**EXERCISE AIM**
Copy the material below verbatim from the line with "监理工程师北京网络培训" to the line with "Comprar Casa /", both lines included, omitting pictures and every line outside that range.

**DATASET ENTRIES**
=====
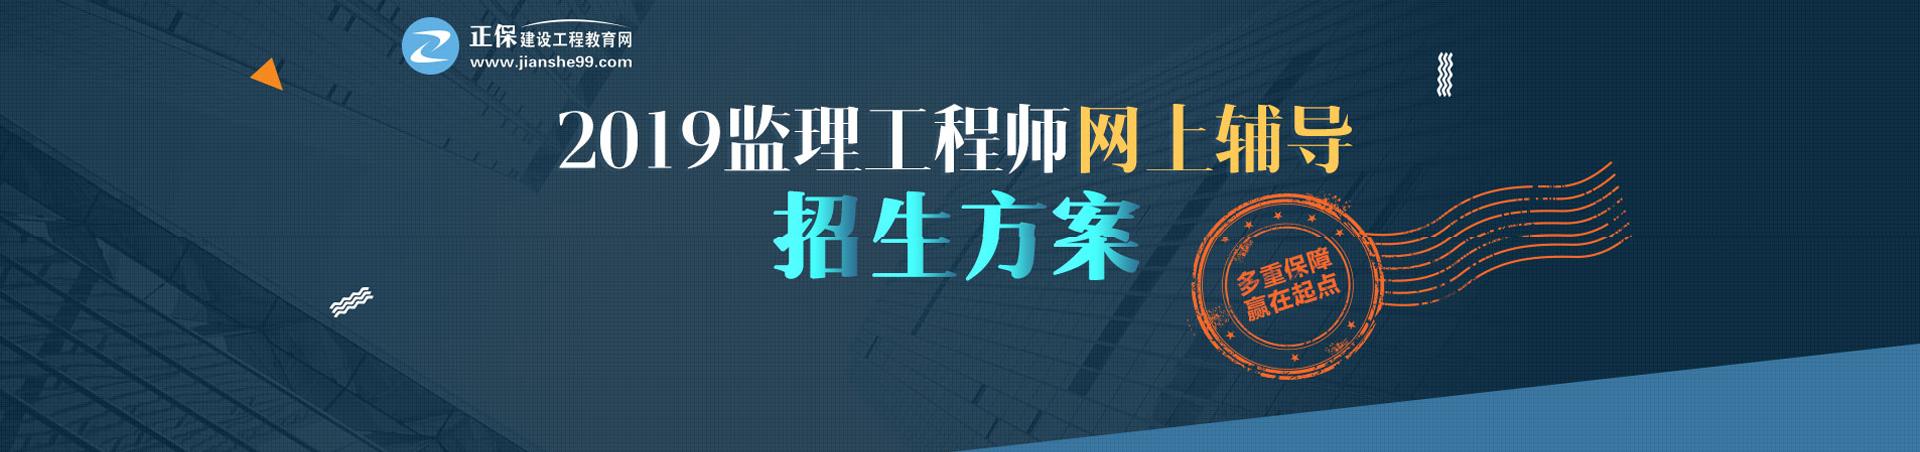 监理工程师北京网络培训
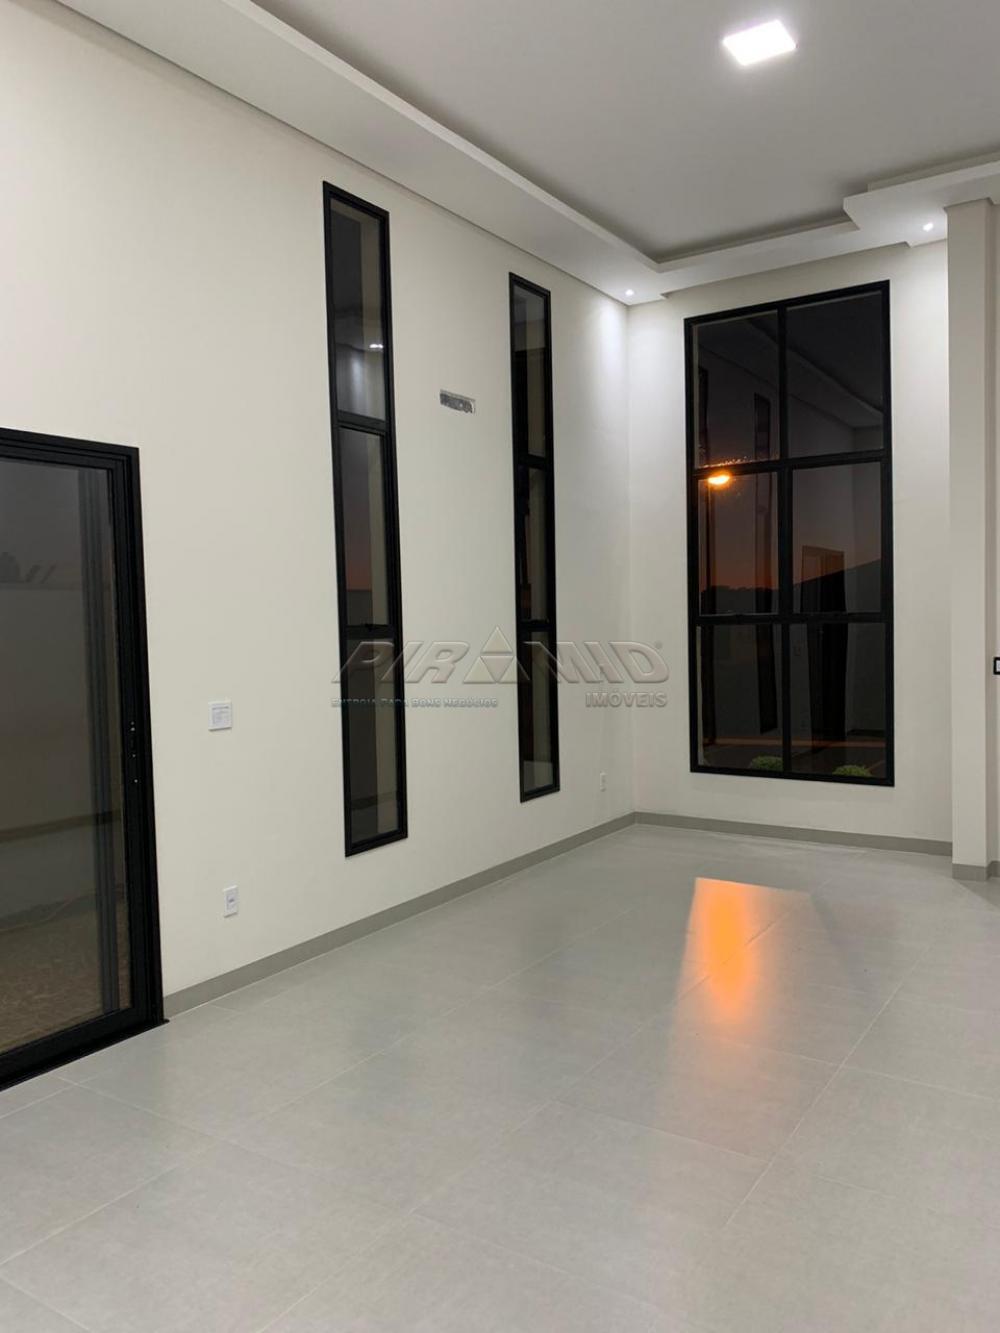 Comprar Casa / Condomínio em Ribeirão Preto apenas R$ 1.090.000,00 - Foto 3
=====
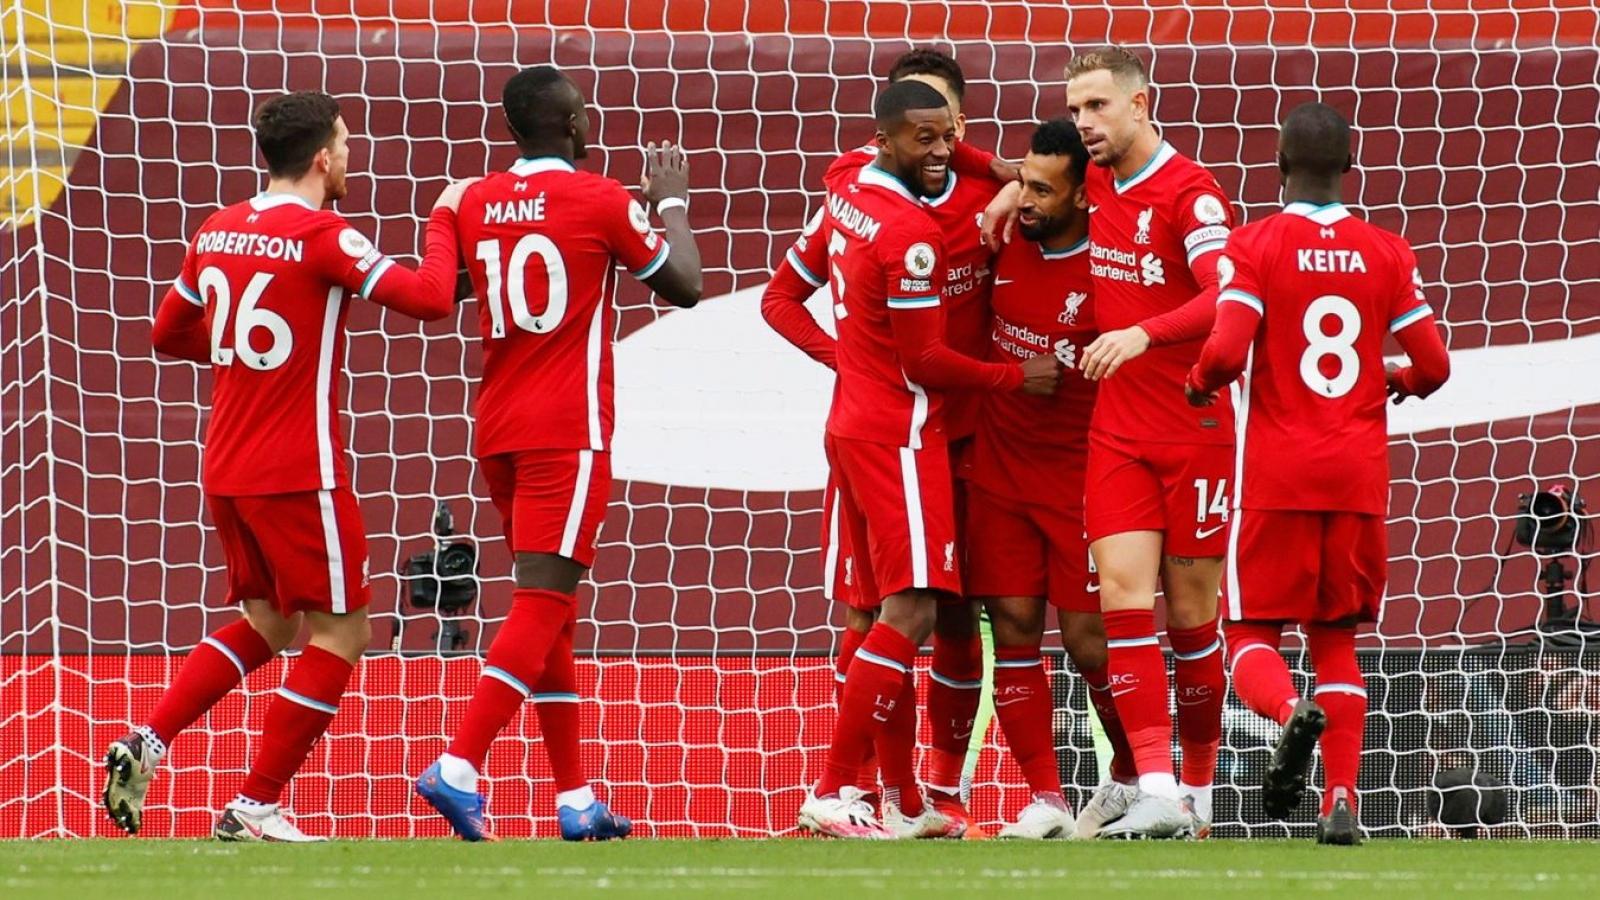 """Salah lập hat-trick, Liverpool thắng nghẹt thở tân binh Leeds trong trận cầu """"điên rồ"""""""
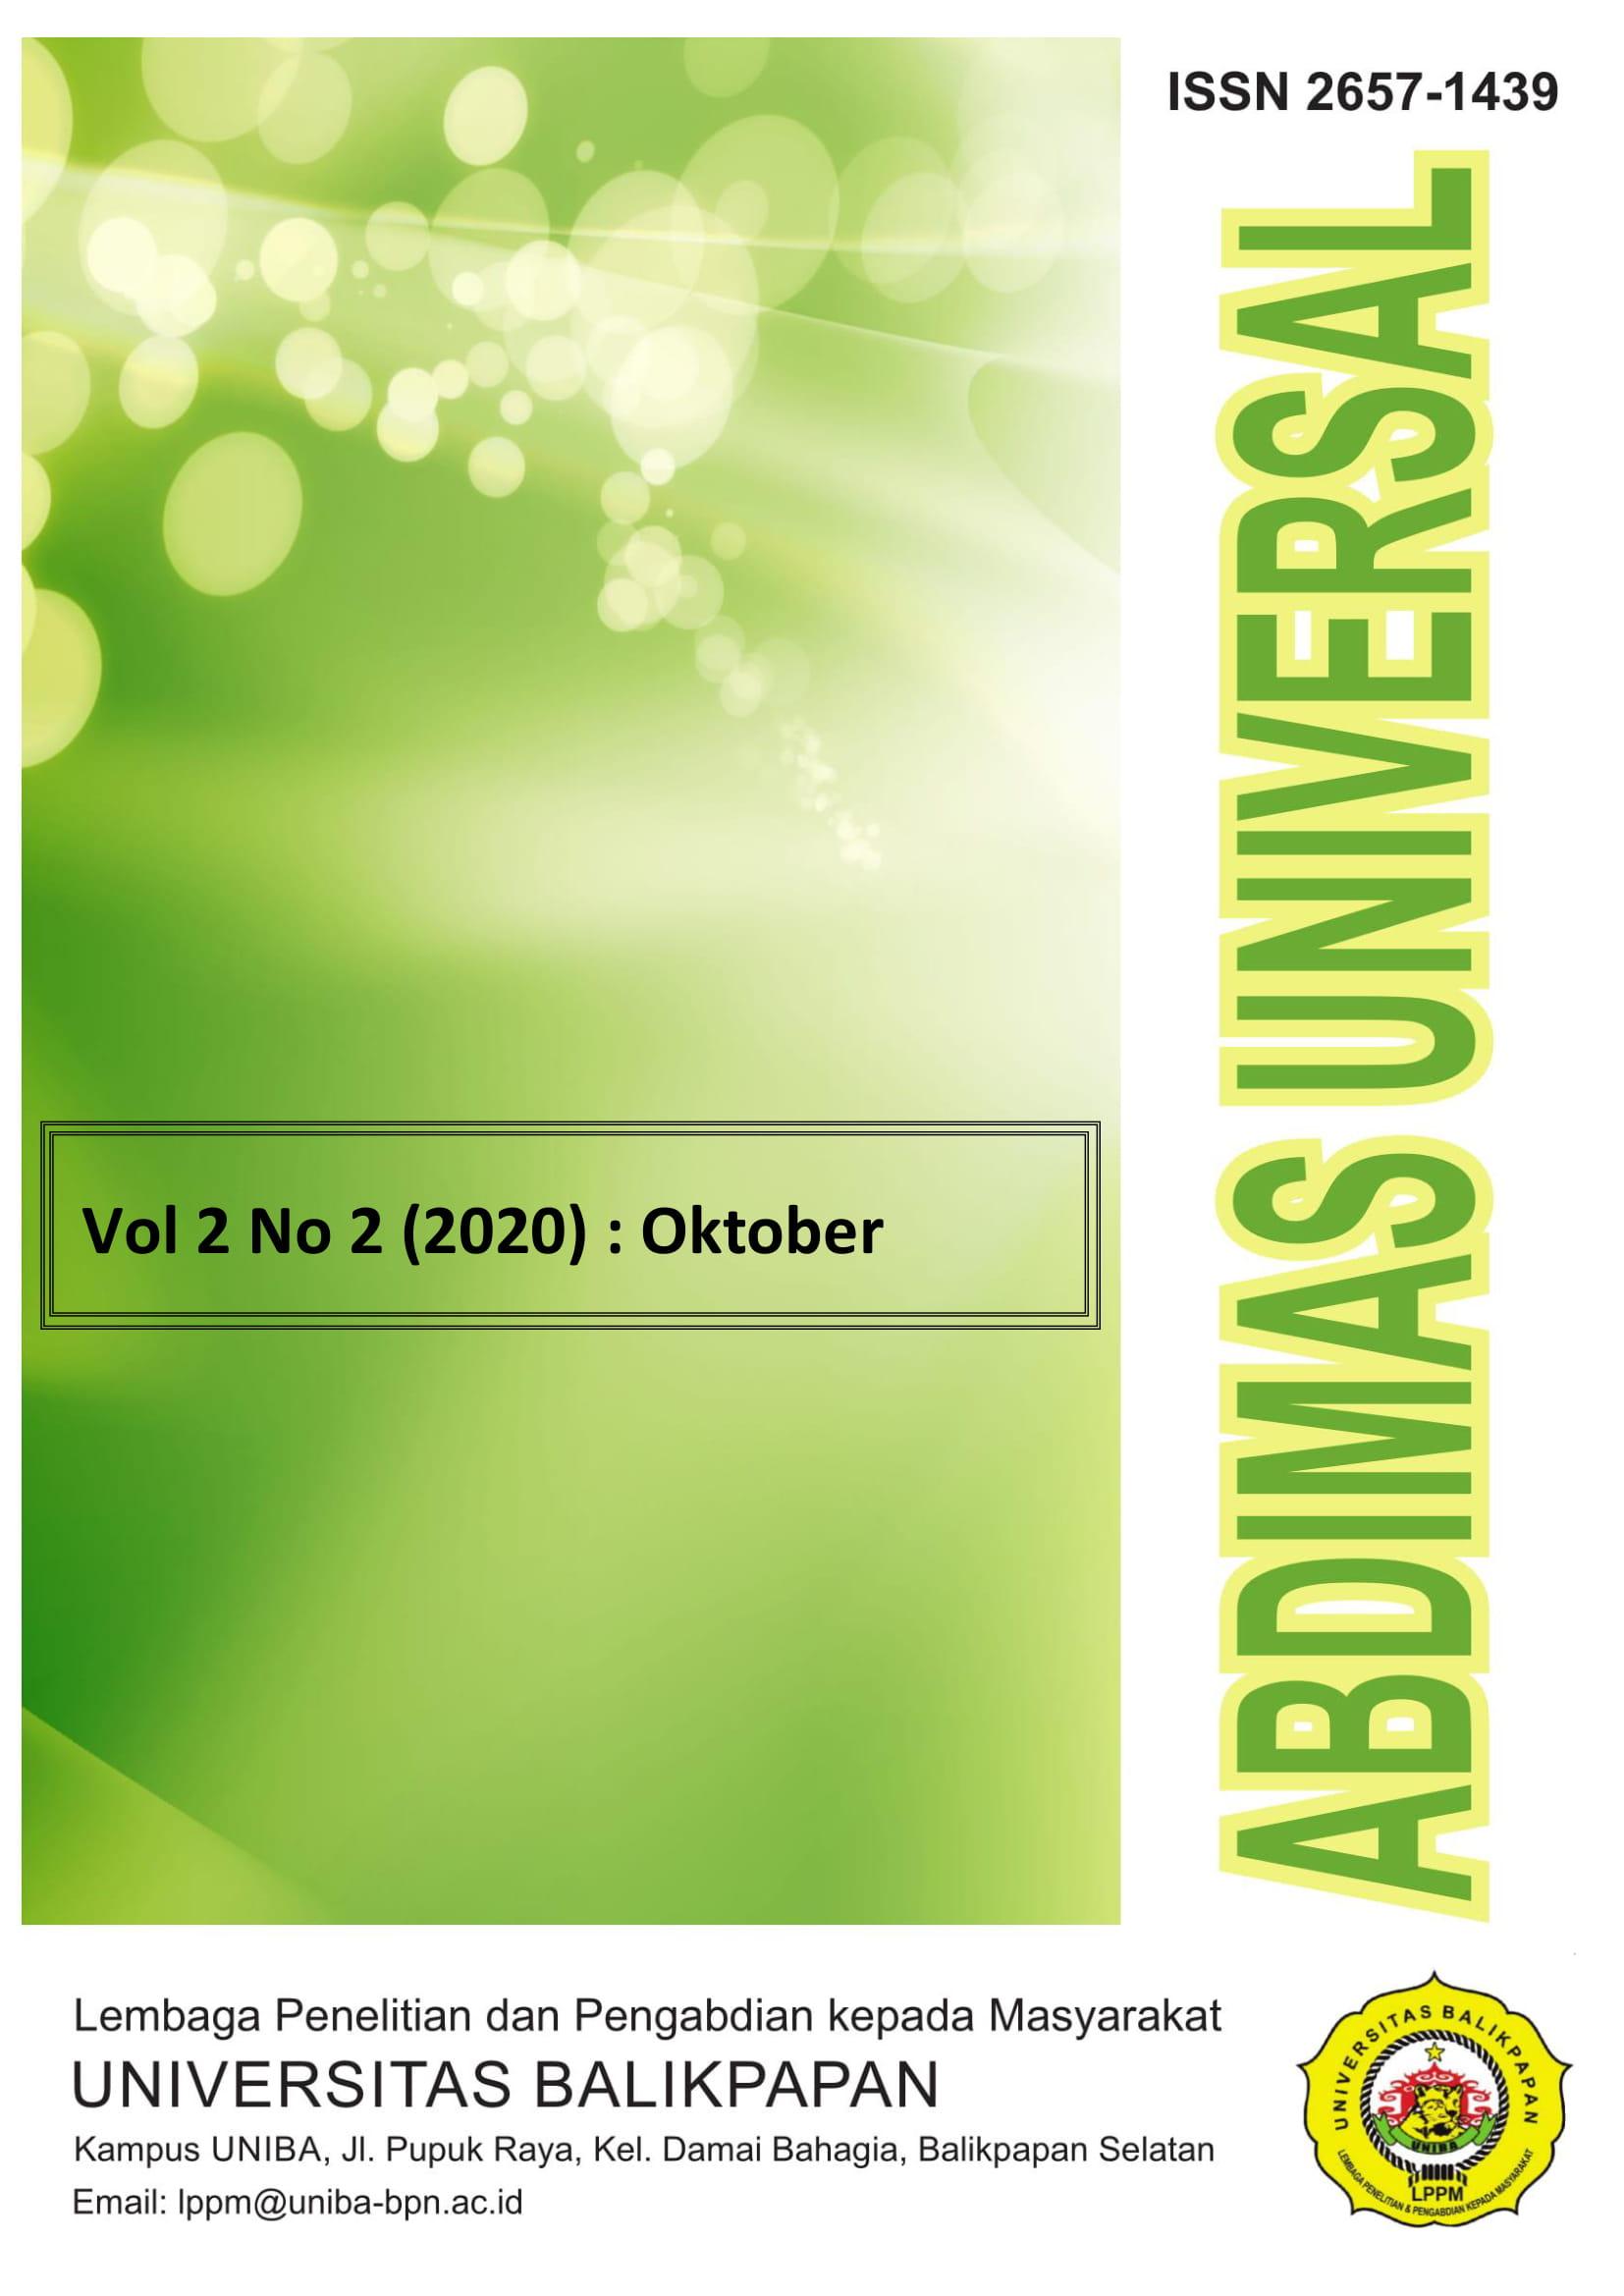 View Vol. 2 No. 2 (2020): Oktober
=====
**RESPONSE BOX**
 监理工程师北京网络培训
 Comprar Casa / Condomínio em Ribeirão Preto apenas R$ 1.090.000,00 - Foto 3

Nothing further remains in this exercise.